__Supplied records__.
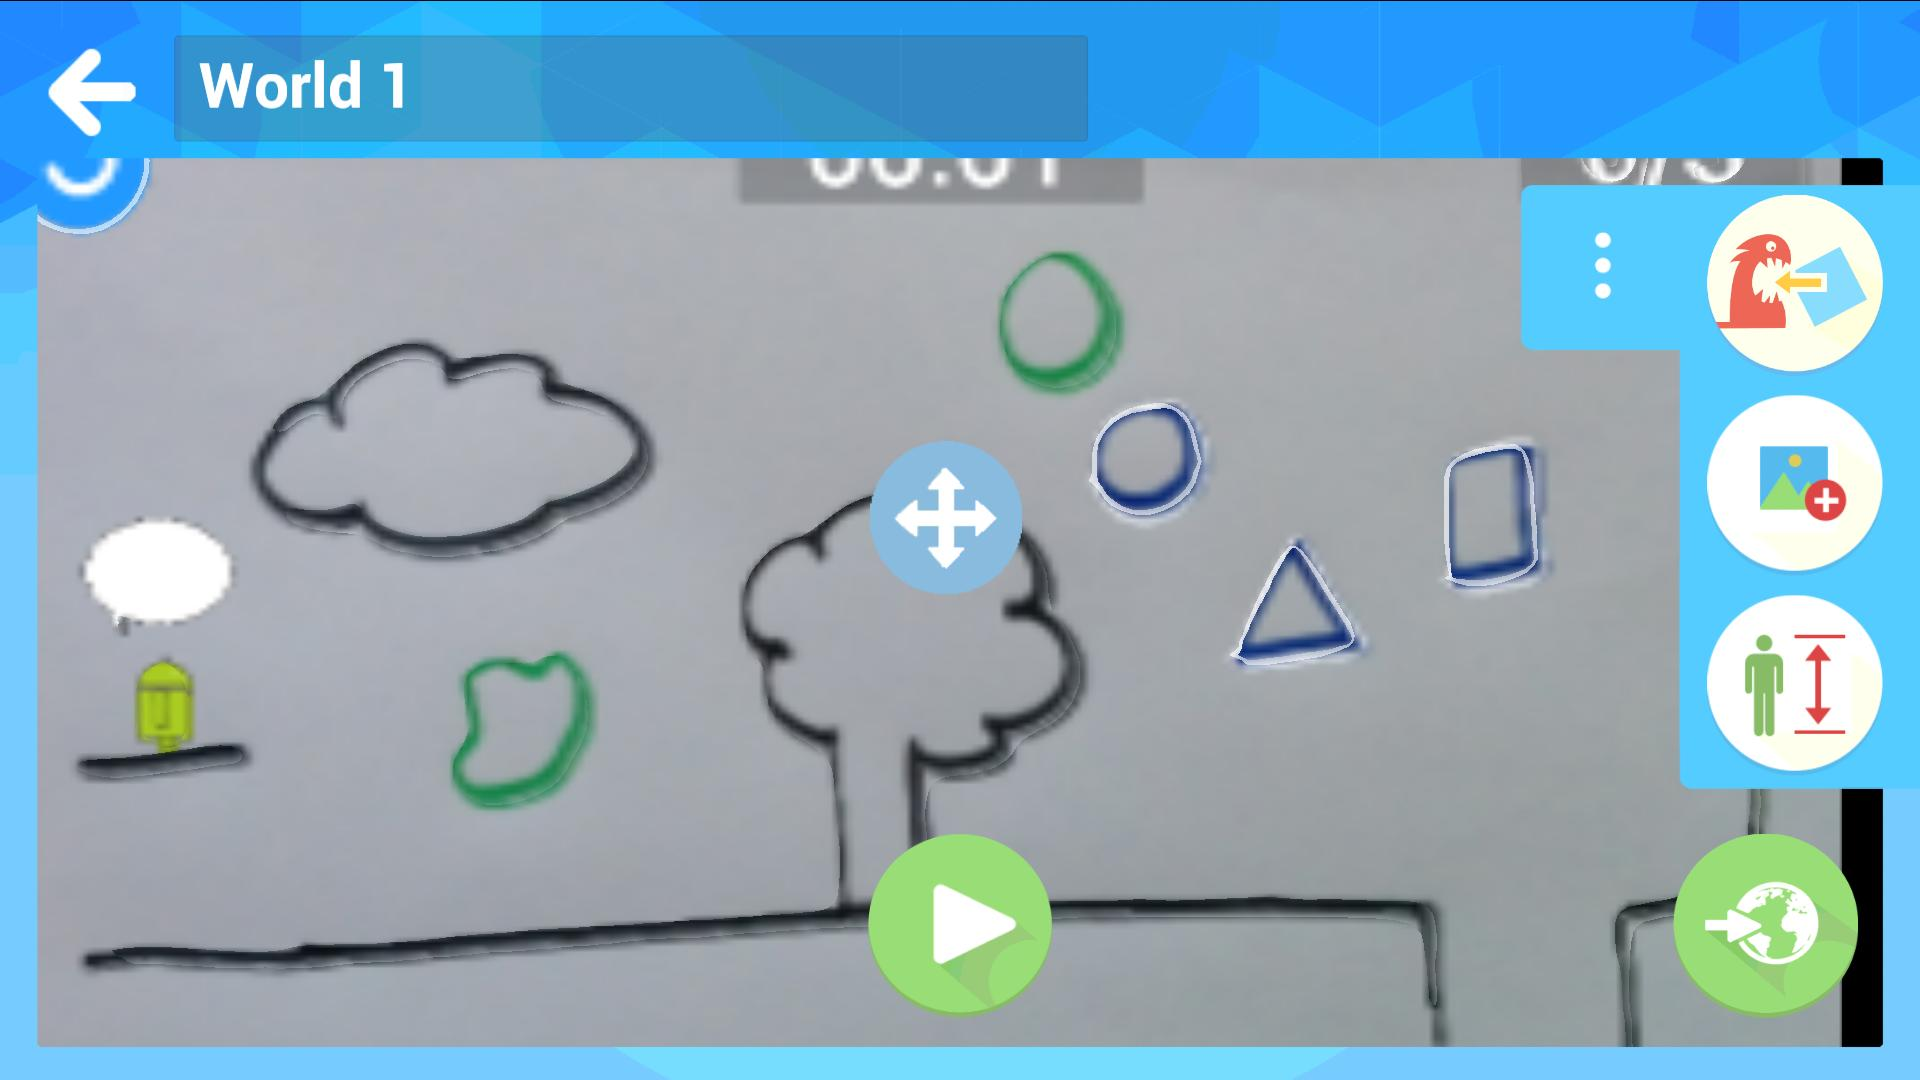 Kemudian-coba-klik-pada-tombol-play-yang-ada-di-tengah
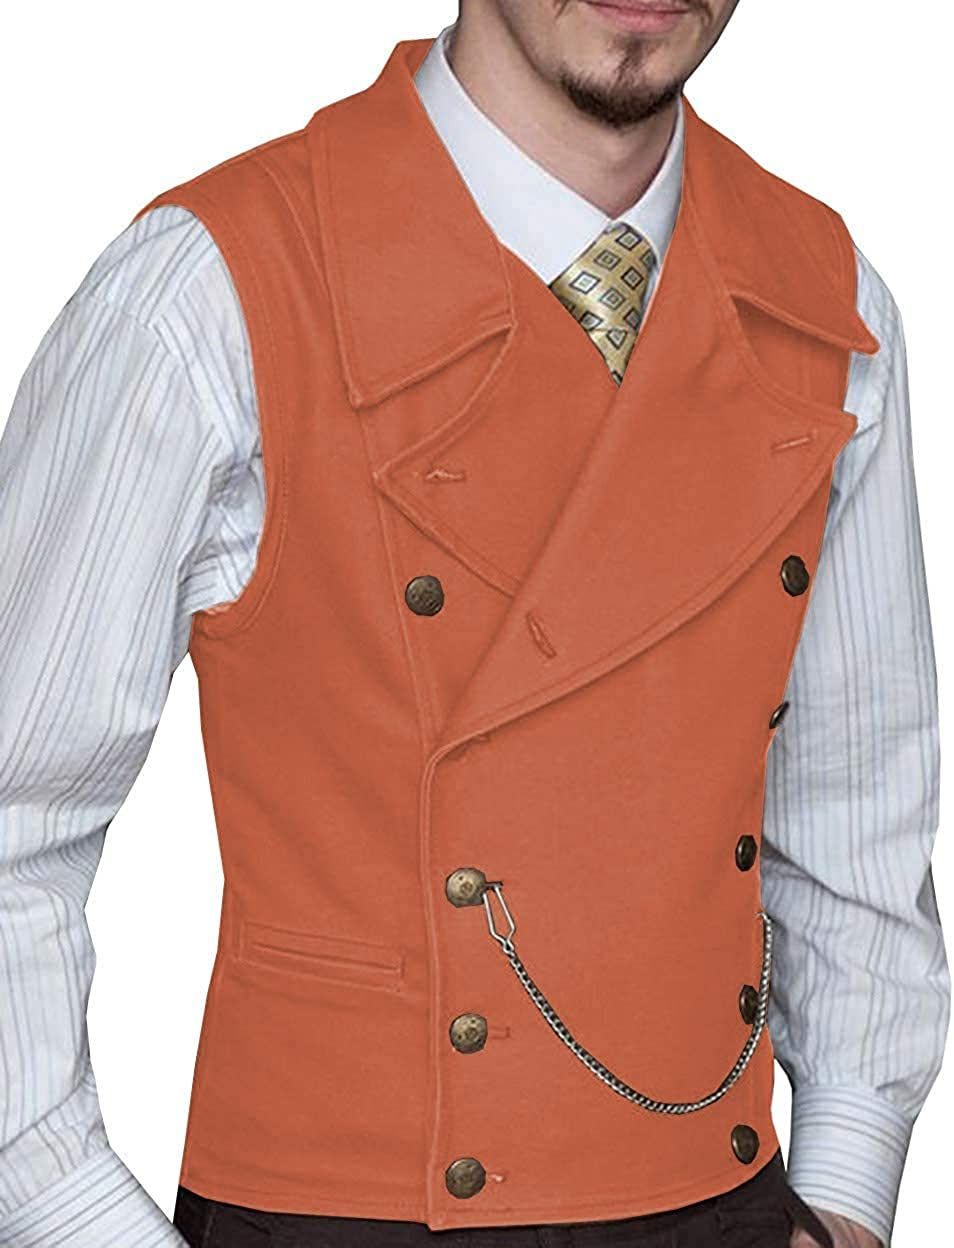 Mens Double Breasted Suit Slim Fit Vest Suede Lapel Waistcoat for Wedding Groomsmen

...

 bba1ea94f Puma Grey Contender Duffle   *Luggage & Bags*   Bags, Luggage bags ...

...

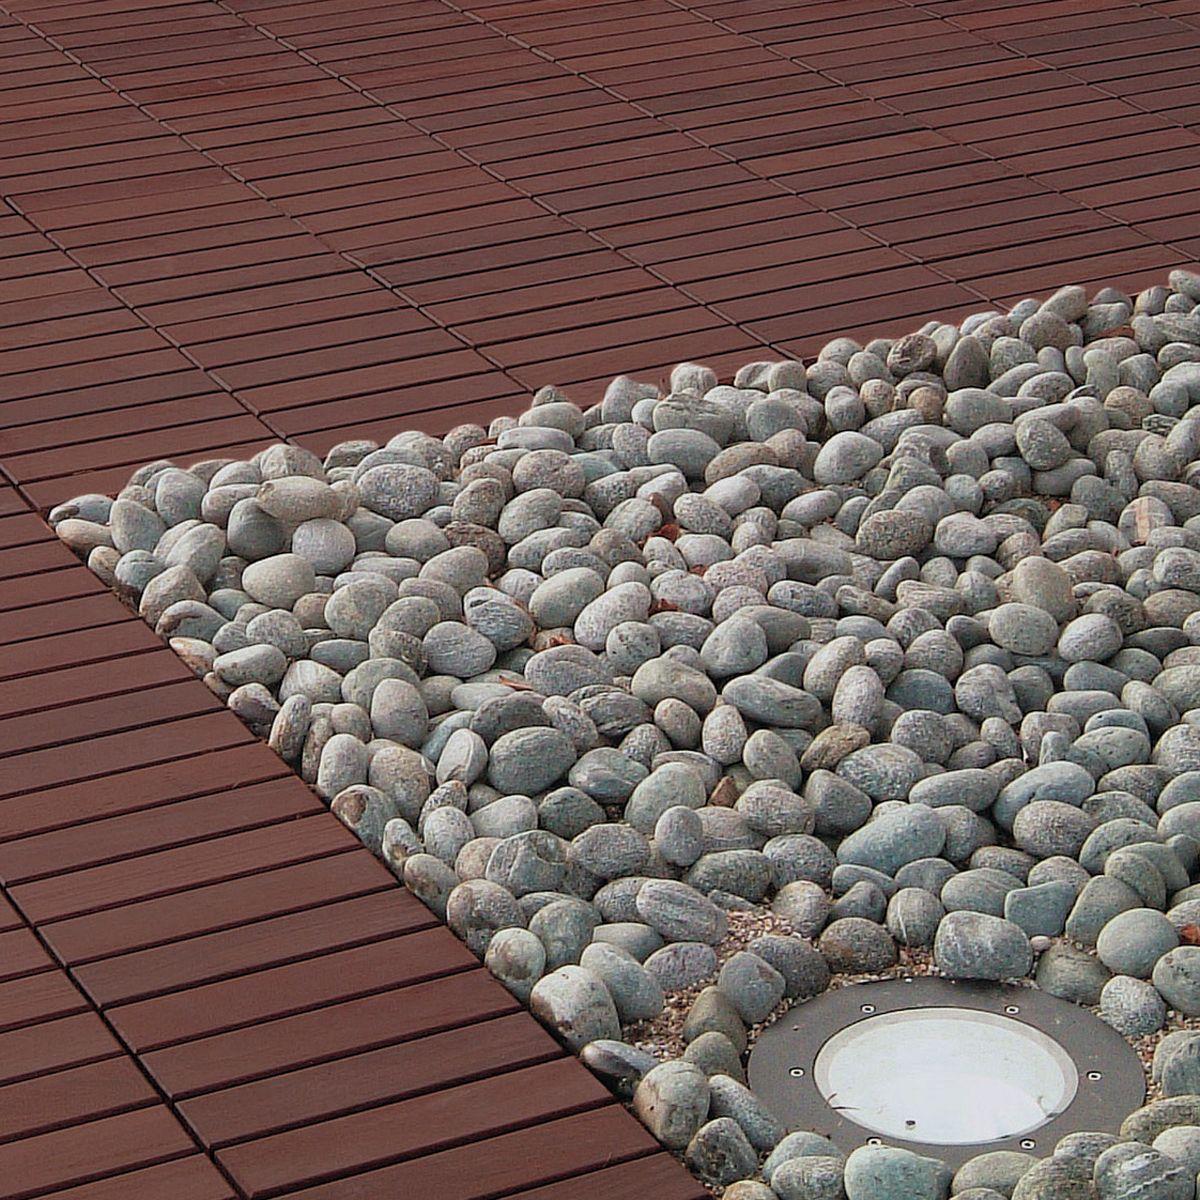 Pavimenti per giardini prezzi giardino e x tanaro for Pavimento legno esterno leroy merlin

__What you are asked to do__. Reproduce the data above exactly, but only from the line containing "Kemudian-coba-klik-pada-tombol-play-yang-ada-di-tengah" through the line containing "Mens Double Breasted". Omit all pictures.

__Task answer__.
 Kemudian-coba-klik-pada-tombol-play-yang-ada-di-tengah
 Mens Double Breasted Suit Slim Fit Vest Suede Lapel Waistcoat for Wedding Groomsmen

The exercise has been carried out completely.